Palivec: The foul-mouthed landlord of Švejk’s local pub – the “U Kalicha” (“At the Chalice”) on Na Bojišti street, Prague. Despite refusal to discuss any politics (“it smells of Pankrác”) Palivec is eventually arrested by Bretschneider (see below) after commenting that flies shit on the portrait of Franz Joseph in the pub.

Police Agent Bretschneider: A secret policeman who repeatedly tries to catch Švejk and others out on their anti-monarchist views. He is eventually eaten by his own dogs, after buying a succession of animals from Švejk in an attempt to incriminate him.

Staff Warder Slavík: A cruel and corrupt prison official (revealed to have himself ended up in prison under the Republic of Czechoslovakia).

Military chaplain Otto Katz: Has a fondness for drinking, especially good communion wine, and gambling. Švejk seems fond of Katz, but the latter loses the services of Švejk to Lieutenant Lukáš in a game of cards.

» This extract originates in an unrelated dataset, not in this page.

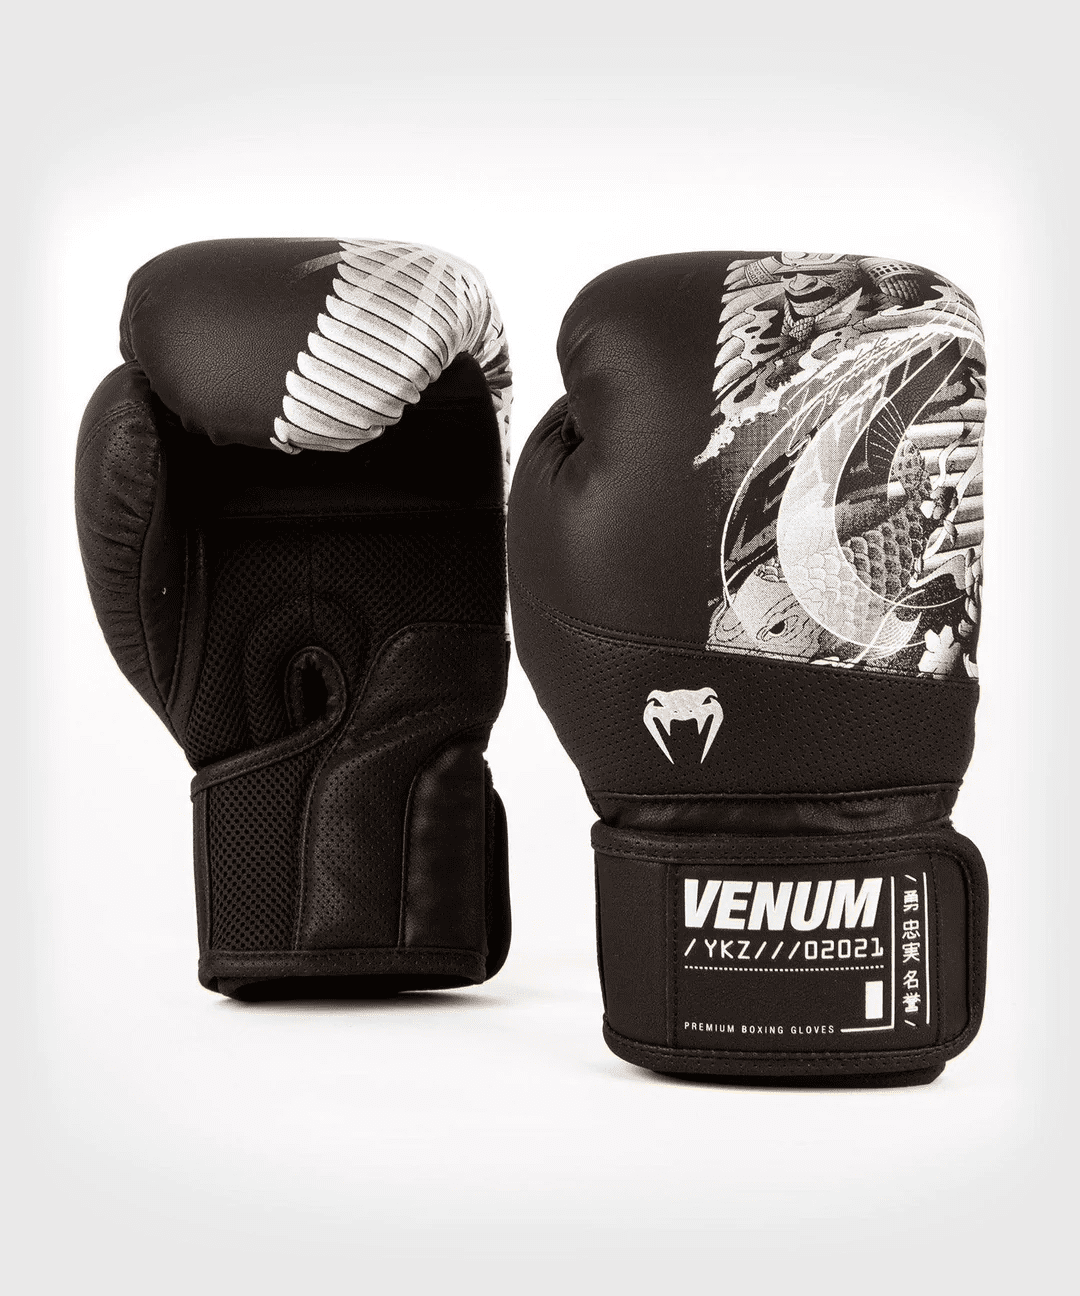 Venum Classic Boxing Gloves - Unisex - Black - 16 oz

Oberleutnant Lukáš: Švejk’s long-suffering company commander. A Czech from South Bohemia, Lukáš is something of a womanizer but is depicted in a broadly sympathetic manner by Hašek (the records of the real-life 91st Regiment show an Oberleutnant Rudolf Lukas – the same rank as the character – at the time of Hašek’s service; Hašek admired Lukas and even wrote him a number of poems. Lukas was Hašek’s company commander.[4]) Though Švejk’s actions eventually lead to Lukáš’ being labelled as a notorious philanderer in the Hungarian national press, he starts to miss Švejk after the latter is promoted to company orderly.

Colonel Friedrich Kraus von Zillergut: An idiotic Austrian officer with a penchant for giving his colleagues long-winded, moronic explanations of everyday objects (such as thermometers and postage stamps) and situations; run over by a cart while attempting to demonstrate what a pavement is. Kraus’s dog is stolen by Švejk as a gift for Lukáš; the enraged colonel subsequently arranges Lukáš’s transfer to the front.

Captain Ságner: One of the regiment’s professional officers and commander of Švejk’s march battalion; an ambitious careerist, he is later revealed to have been a closet Czech patriot in his youth. A Captain Vinzenz Sagner served in the 91st Regiment, where he was Hašek’s battalion commander.  

Colonel Schröder: The bad-tempered colonel of Švejk’s regiment, and a caricature of typical German-speaking senior officers of the Austrian army.

Jurajda: The battalion’s spiritualist cook; before military service he had edited an “occultist” journal. Spends time attempting to avoid frontline service through letters he is writing to his wife, in which he details meals he is intending to cook for senior officers.